Jerome Brattnacher z miejscowości Clouange we Francji przywiózł do Pabianic dary dla Ukraińców. Razem z kolegą Bernardem pokonał, załadowanym po dach, busem 2400 kilometrów, żeby dołożyć swoją cegiełkę do akcji wsparcia dla uchodźców. W wtorek (8 marca) dotarł do siedziby Ochotniczej Straży Pożarnej w Pabianicach. Tam z pomocą strażaków rozładował busa i już rano ruszył w drogę powrotną.

Jak Francuzi znaleźli się w Pabianicach?

- Jerome to mój znajomy.

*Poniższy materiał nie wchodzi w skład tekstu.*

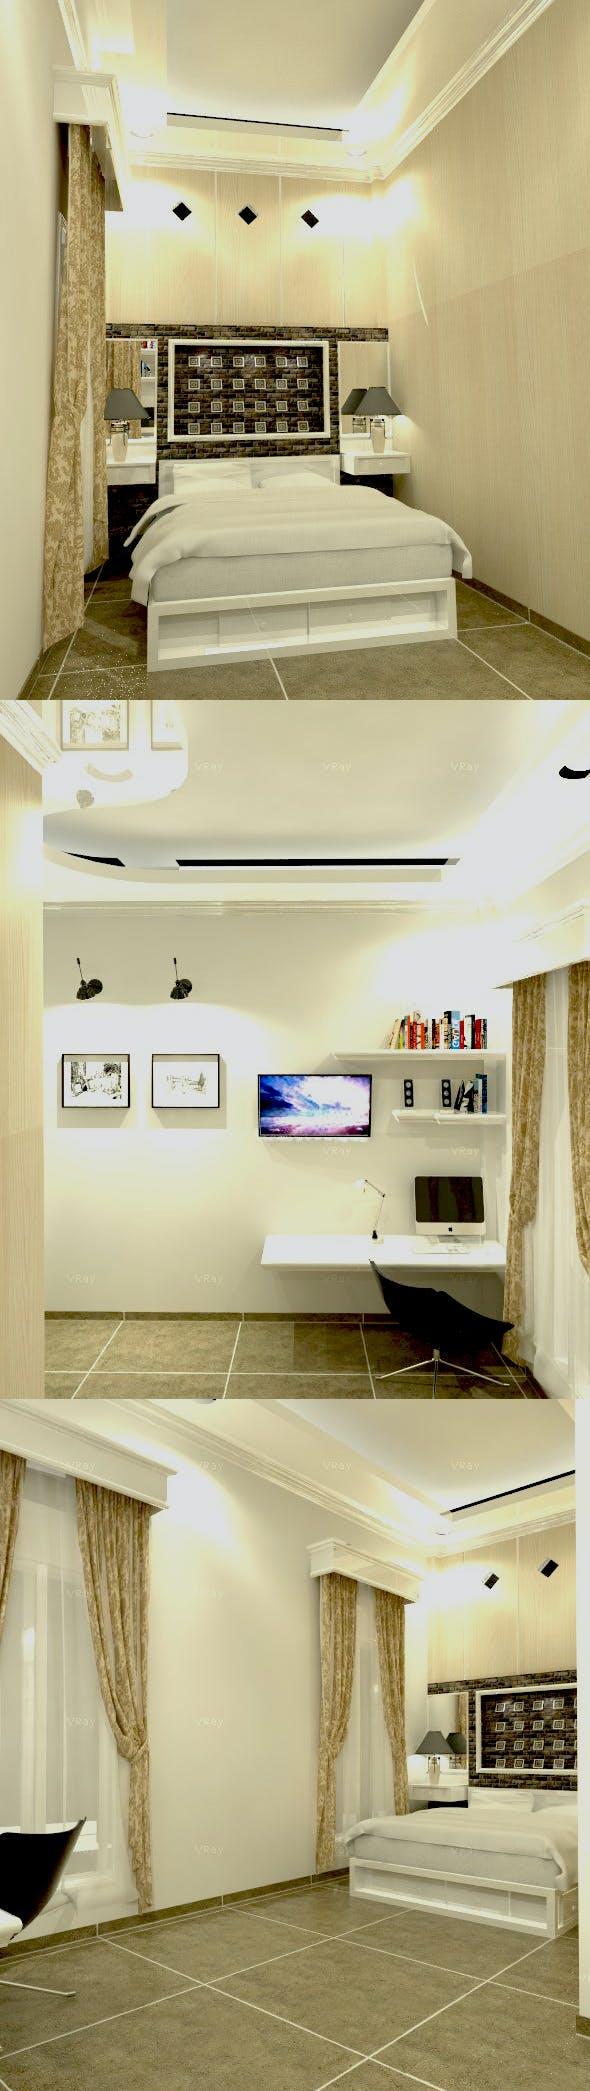 3D BED ROOM INTERIOR DESIGN BALIKPAPAN REG 1 - 3DOcean Item for Sale

Często odwiedza Pabianice, jego żona Ewa jest pabianiczanką – opowiada Daniel Duraj, druh z OSP Pabianice. - Razem mieszkają w miejscowości Clouange, gdzie Jerome prowadzi restaurację.

Sytuacja na Ukrainie mobilizuje i skłania to działania na wszystkich frontach. I tak Francuz ogłosił na Facebooku swojej restauracji i swoim prywatnym koncie zbiórkę. Pomysł podchwycili jego znajomi. Akcja nabrała rozmachu, a Francuzi w kilka dni zapełni busa środkami opatrunkowymi, kocami, karimatami, lekami i żywnością z długimi terminami do spożycia. Jerom wypożyczył busa, za co nie zapłacił ani grosza i ruszył w drogę do Pabianic. Wypożyczalnia dodatkowo pokryła koszty podróży, fundując kierowcom paliwo.

     - Pomimo bariery językowej, bo nikt z nas nie mówi po francusku, bez najmniejszych problemów porozumiewaliśmy się podczas rozładunku darów – opowiada pan Daniel. - Używając translatora Google wymieniliśmy też kilka zdań.

Dary z Pabianic zostaną przewiezione do Ukrainy.

     - Dodatkowo Jerom zawiózł do jednostki straży pożarnej w swojej miejscowości pismo z prośbą o konkretny sprzęt strażacki, ratunkowy, który Francuzi nam przekażą a my dostarczymy go na Ukrainę – mówi druh z OSP. - W ciągu kilku dni otrzymamy w tej sprawie odpowiedź.